The molecular mechanisms that lead to the development of diabetic neuropathy are not yet fully understood and are the subject of current research. However, it is clear that permanently elevated blood sugar levels lead to vessel damage and thus, a reduced oxygen and nutrient supply for the nerves. Also, essential repair mechanisms and growth processes within nerve cells are disturbed, dramatically inhibiting normal regeneration.

Degenerative diseases:

Another cause of peripheral neuropathy are neurodegenerative diseases. A distinction is made between acquired and genetic diseases. Charcot-Marie-Tooth disease for example is a genetic degenerative disease of the PNS. The patients suffer from increasing muscle weakness and muscle wasting in the hands and feet, which are spreading further into arms and legs during disease progression. The disease causing mutations lead to direct damage of axons or the myelin sheath and thus disturb the innervation of muscles.

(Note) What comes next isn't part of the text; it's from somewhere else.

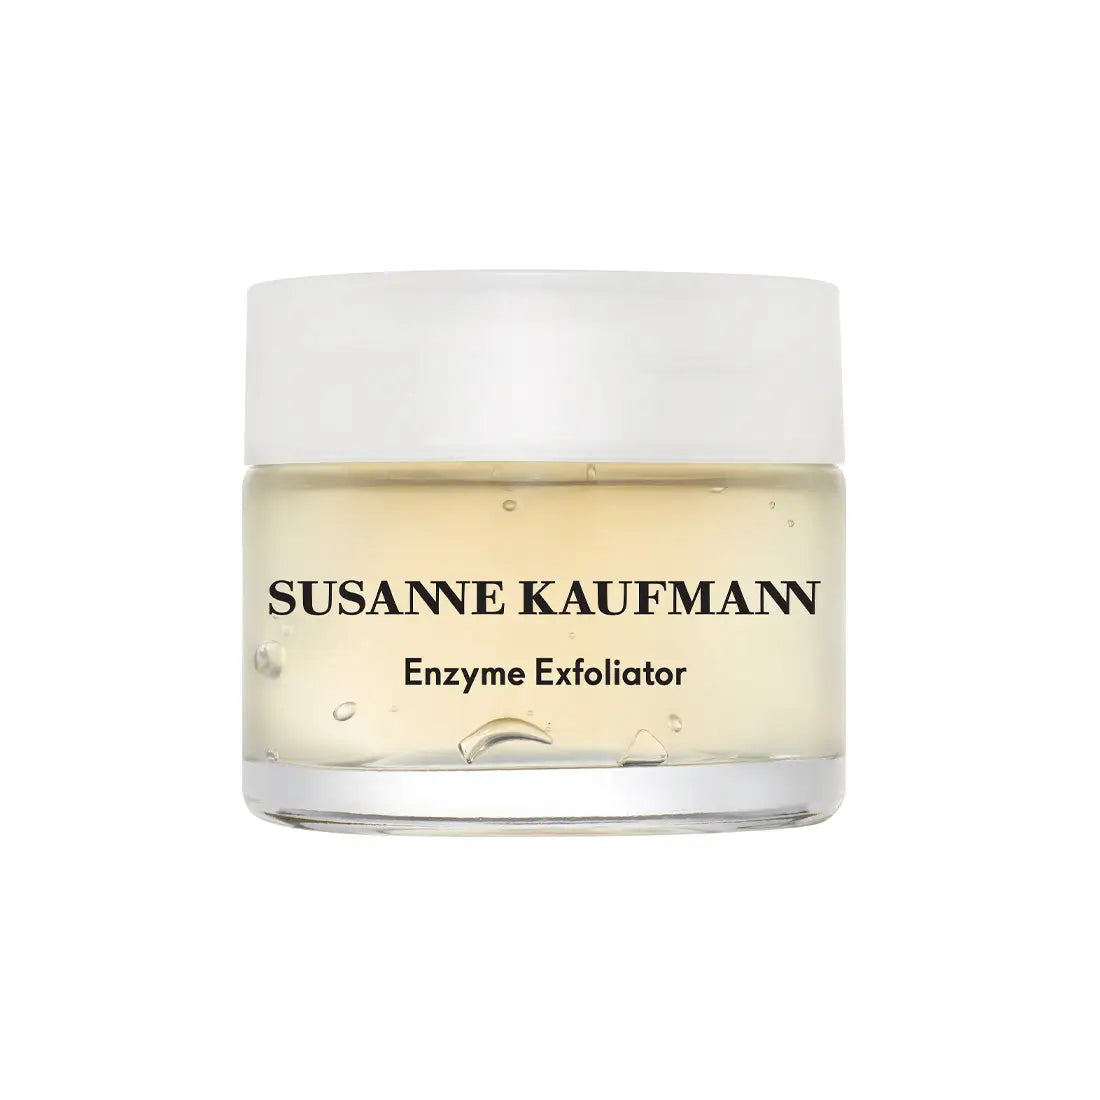 USA | Susanne Exfoliator Kaufmann ALYAKA 50ml Enzyme
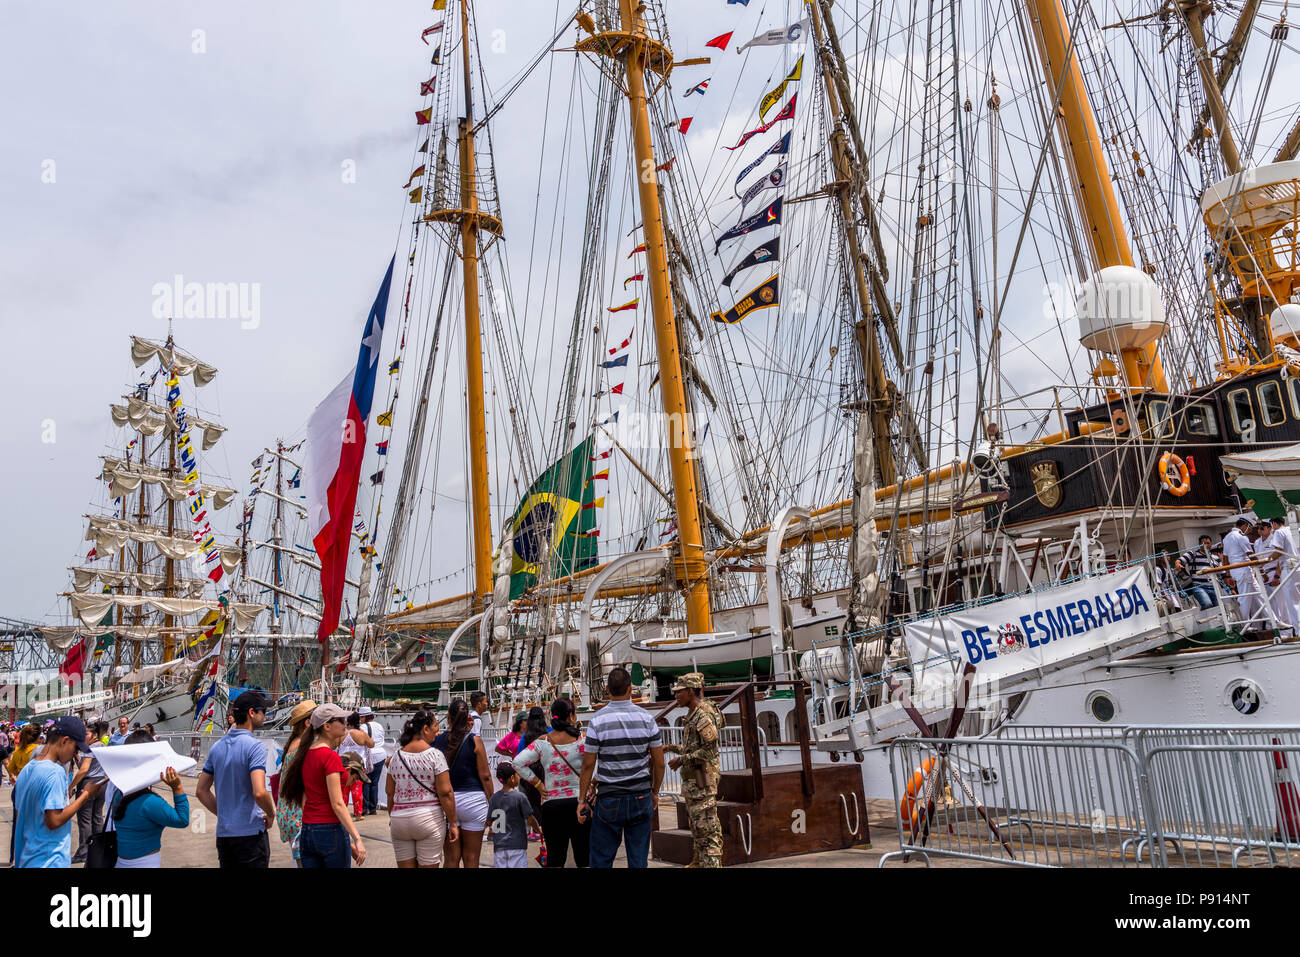 Sailing School Vessels in Panama Balboa Port at Velas Latinoamerica 2018 regata Stock Photo

Autoimmune diseases are often the cause of acquired neuropathies. The neuropathy candevelop as a secondary disease, e.g. due to compression of the nerve caused by inflammatory joint diseases such as rheumatoid arthritis, or through a direct attack of the body's immune system on nerve structures as caused by Guillain-Barré Syndrome.

In addition, degenerative diseases of the central nervous system may also lead to the development of peripheral neuropathies for example the development of neuropathic pain in Parkinson´s disease.